One theme in Zen is that to become enlightened you must know your true nature. This was frustrating and eluding me until I realized that my true nature is not to become enlightened.
There are some nice ideas from zen. In Hindu as well as Buddhist thought there is mention of being and becoming. Of the action and the object. The thought and thinker. It all seems to come down to there are two natures, things and actions. Which is summed in the two words being and becoming. Things exist. Or they are coming into existence, though to be coming into existence is to exist. The action is not the thing and the thing is not the action. Everything is. Also everything does. (Action does not always imply movement.)
I've read that many times in religious literature but don't usually make the connection and realize what it means.
One thing I don't like reading in zen is how often the teachers hit their students. It was very telling in an old tale where the monk asked his master some obscure question and was hit in reply. The master said "If I do not hit you for that question the other masters will laugh at me."
Hitting is part of being a zen teacher. Being hit is part of being a zen student. Yet hitting in and of itself does not lead to enlightenment, nor does it not lead to enlightenment. It merely is what zen teachers do. Part of their true nature, rather their expected role. Pity the poor zen master.
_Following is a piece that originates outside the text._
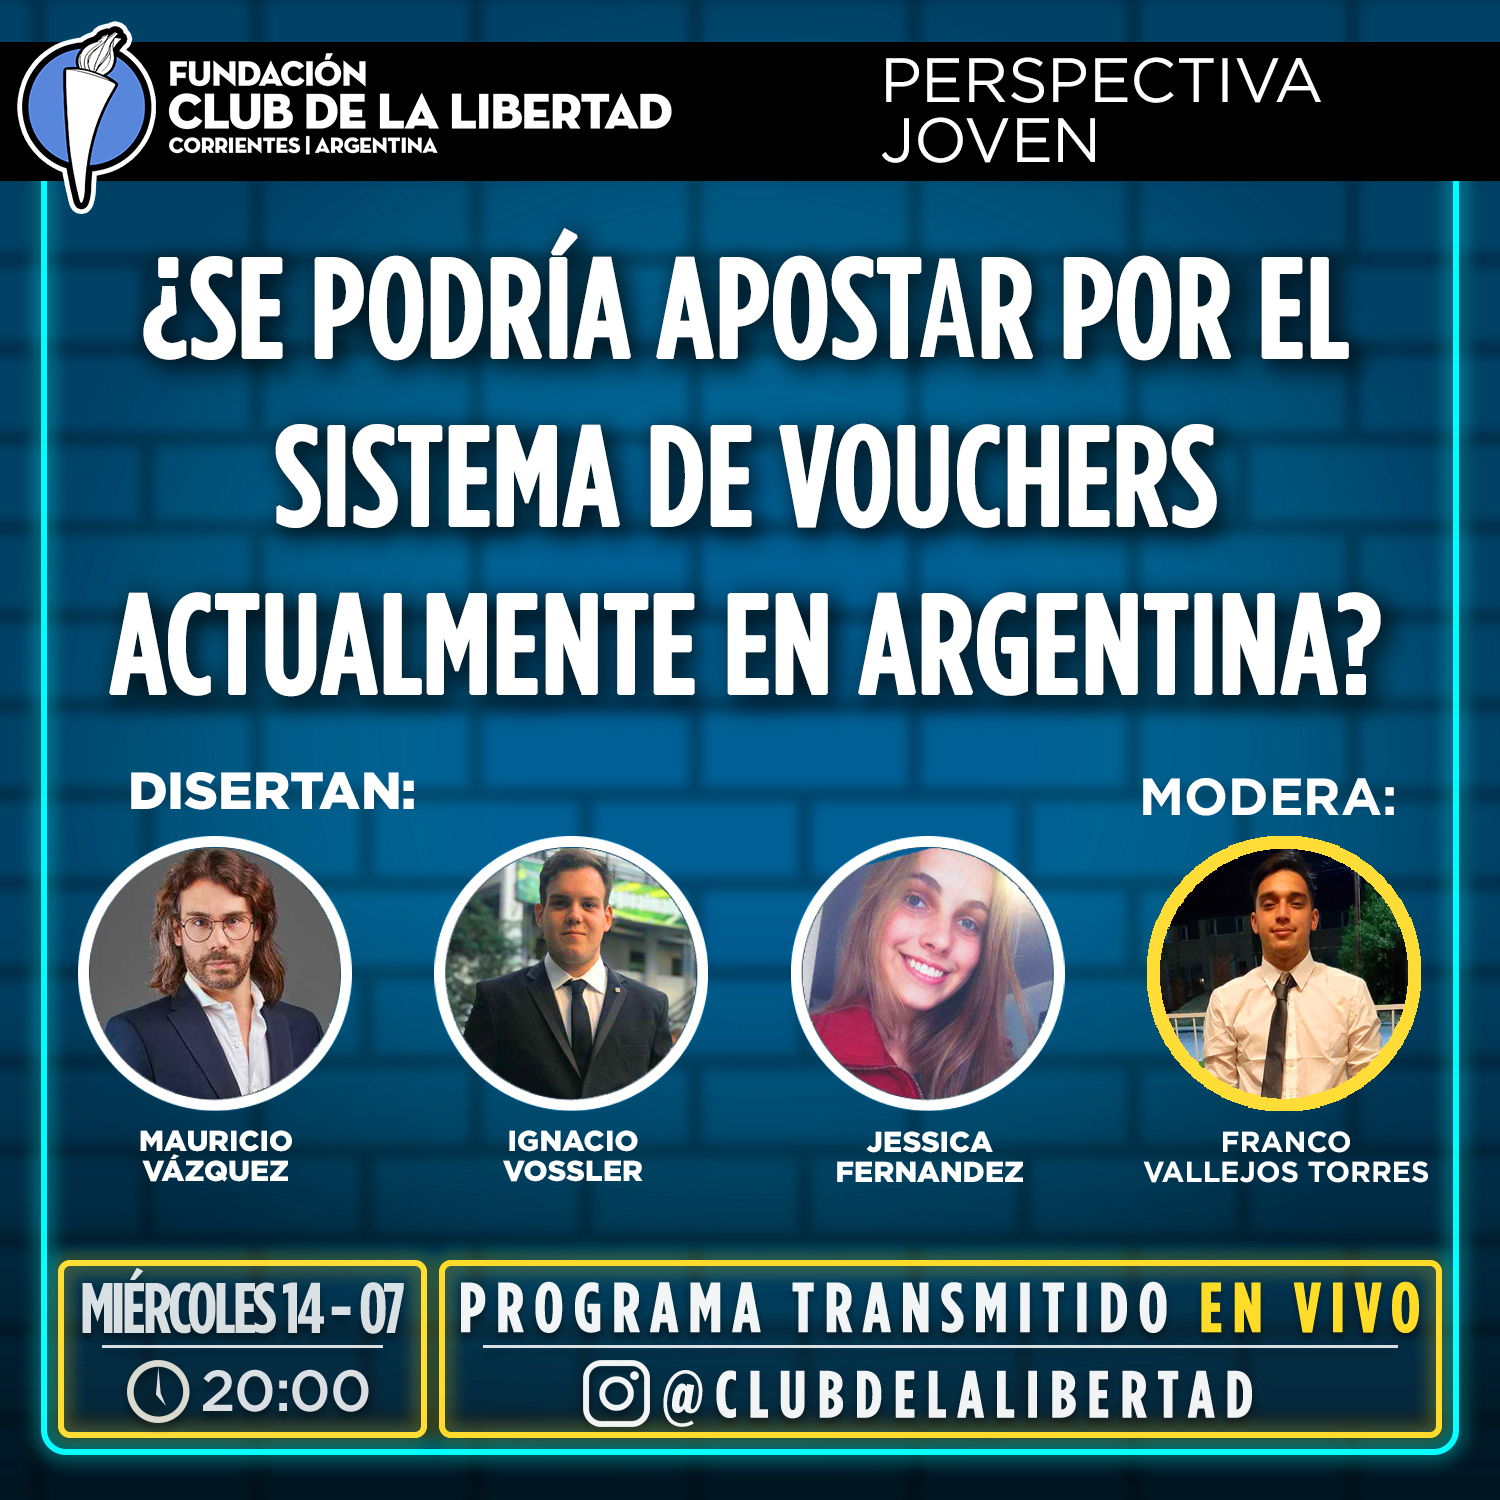 En este momento estás viendo Perspectiva Joven – ¿Se podría apostar por el sistema de vouchers actualmente en la Argentina?

Anyway the main message of zen, and most or all religions for that matter, is to realize your true nature. That wouldn't be a bad slogan to have sitting on a desk or on the wall to see regularly.
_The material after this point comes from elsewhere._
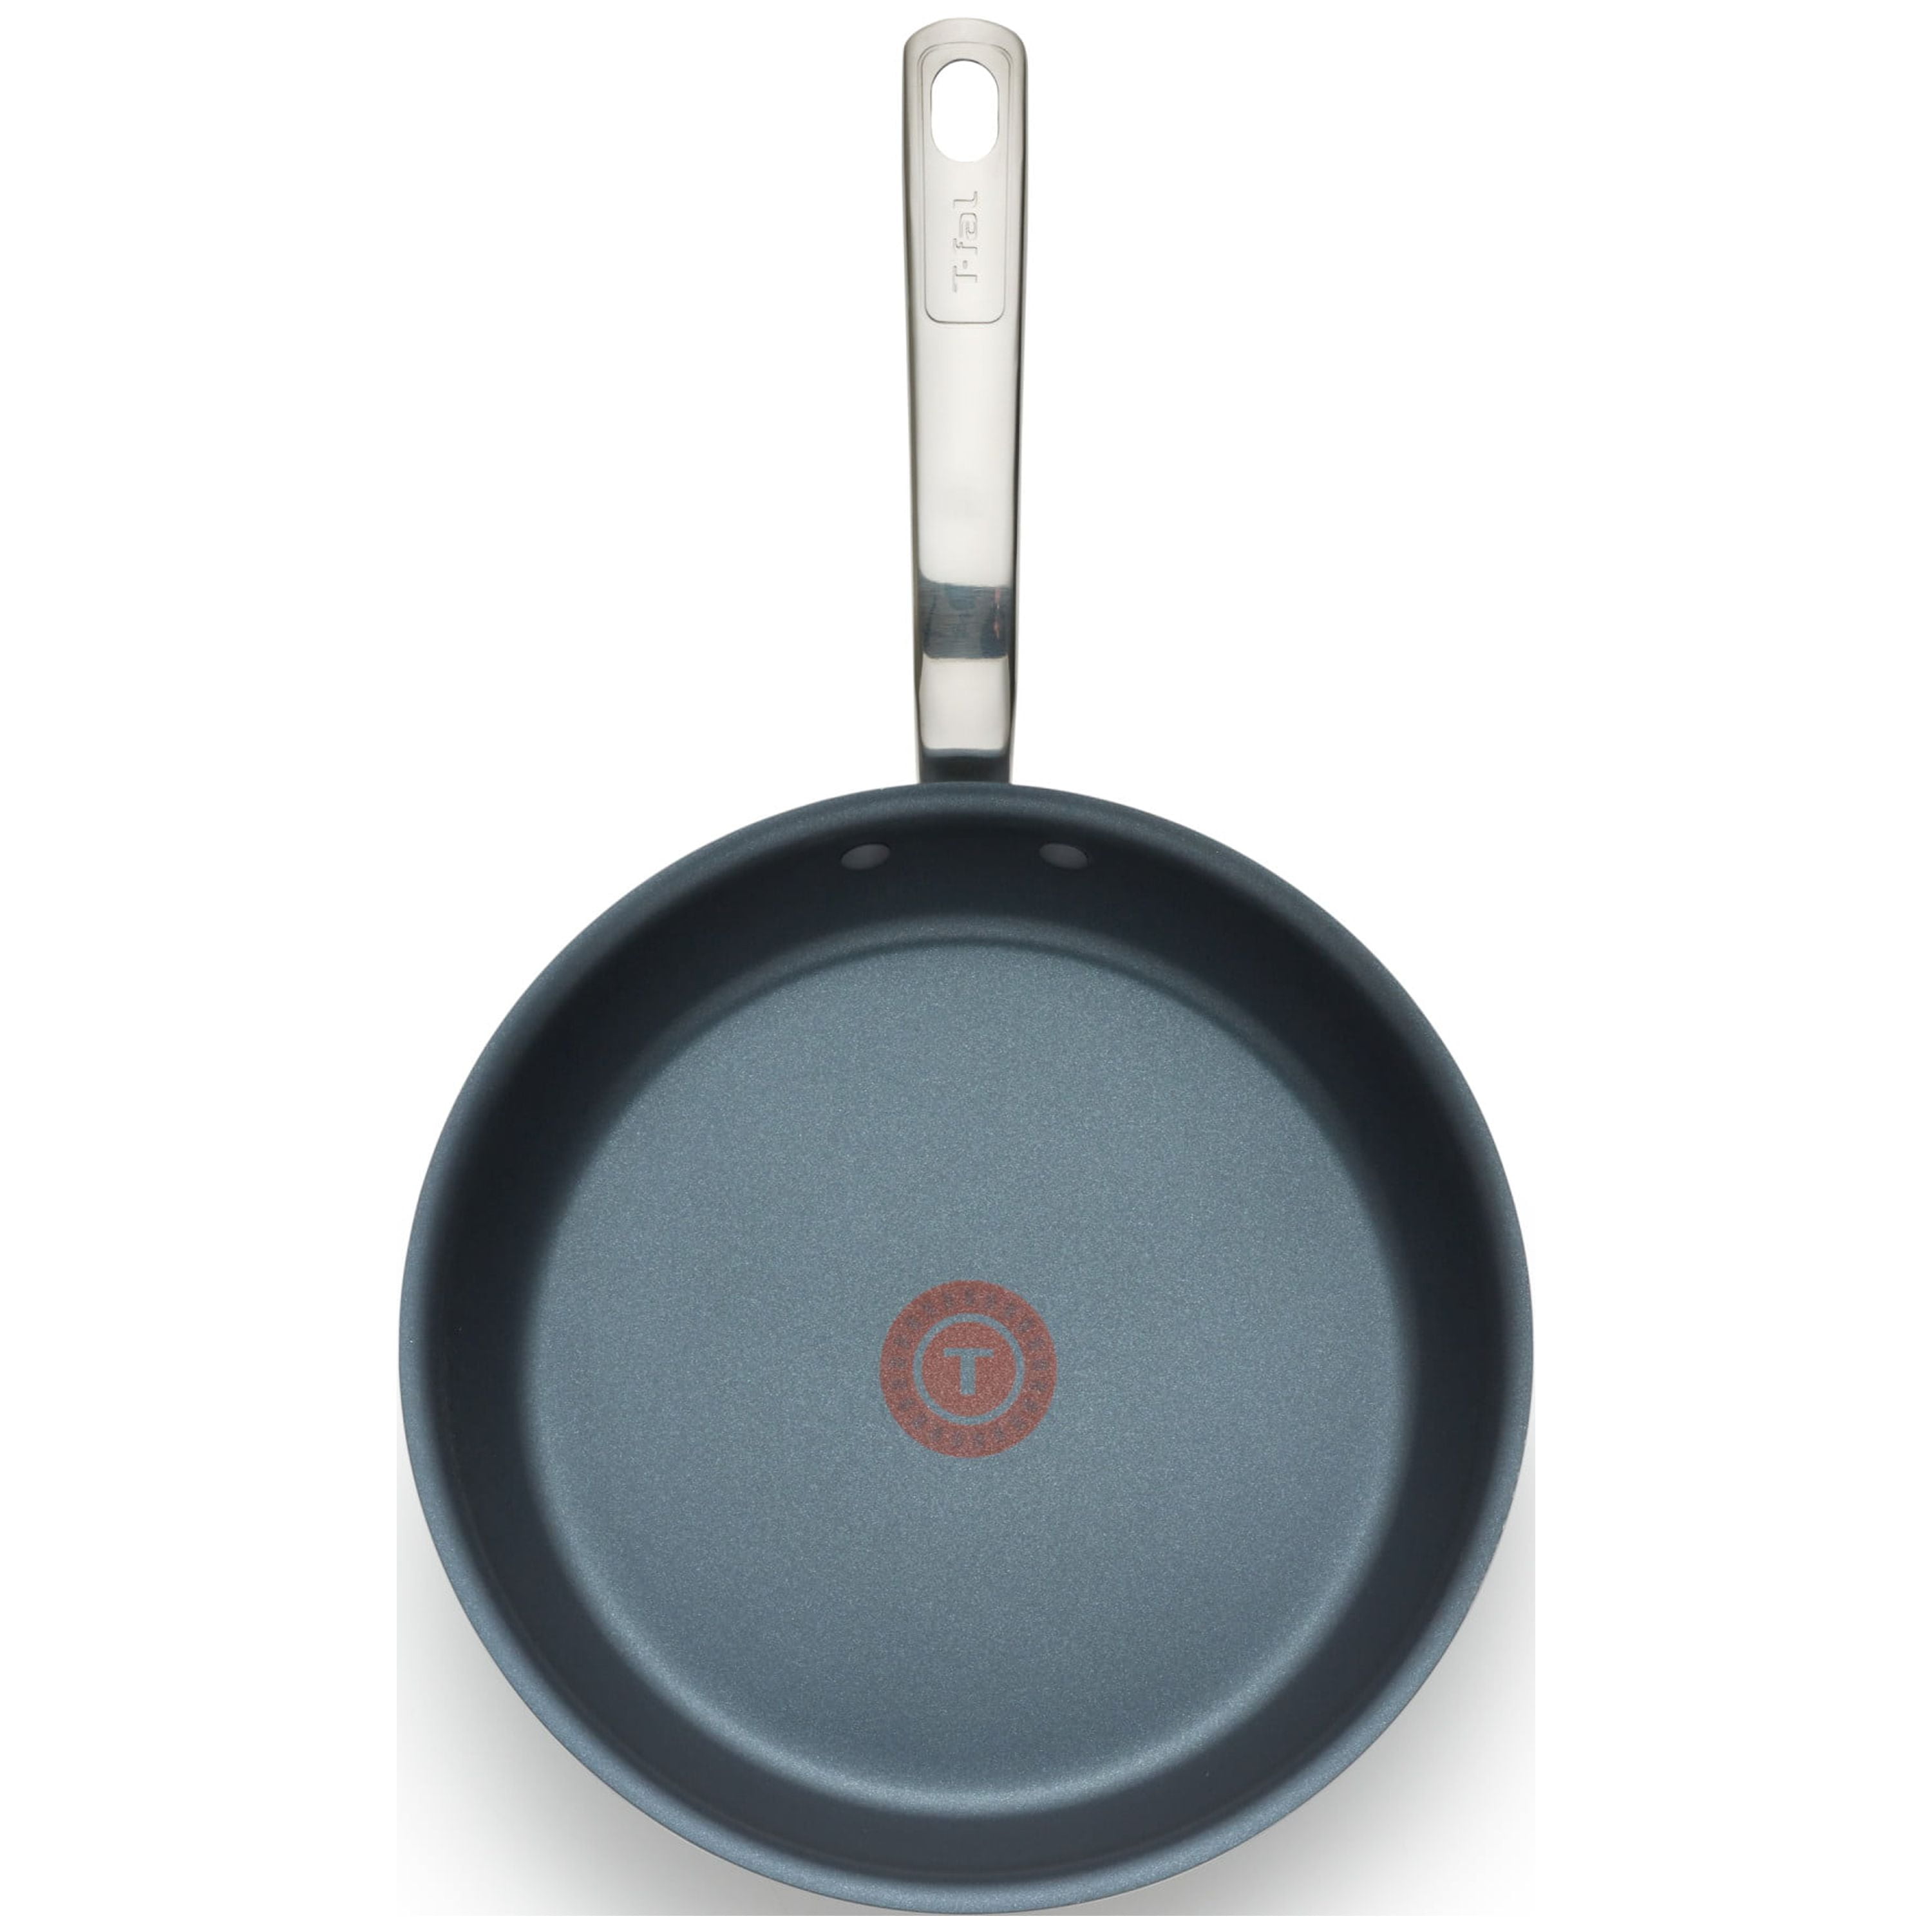 TeChef - Blue Color Pan 12 Fry Pan, Coated with Teflon® Select (PFOA Free)

Sometimes I say "know thyself" and sit there with no thoughts and then go, "now what?." But if thinking is important (and thinking is part of my true nature) then it is always possible to come up with things that are not part of my nature and even some ideas of things that are. The trick is that these ideas can be simple and obvious, they do not have to be profound.
When trying to realize your true nature it is easy to look at the affectations picked up over the years, character traits, and say that is part of my true nature. While such traits will point to some aspect of our nature (there must be a reason why we have adopted them) they are often superficial. Left long enough, they become part of who we think we are. Yet it is the basic traits the underlying core that defines who we really are. Our perceptions of ourselves, our social situations, our accomplishments create judgements we bring upon ourselves. But what is it that we really are? What aspects really manifest themselves throughout?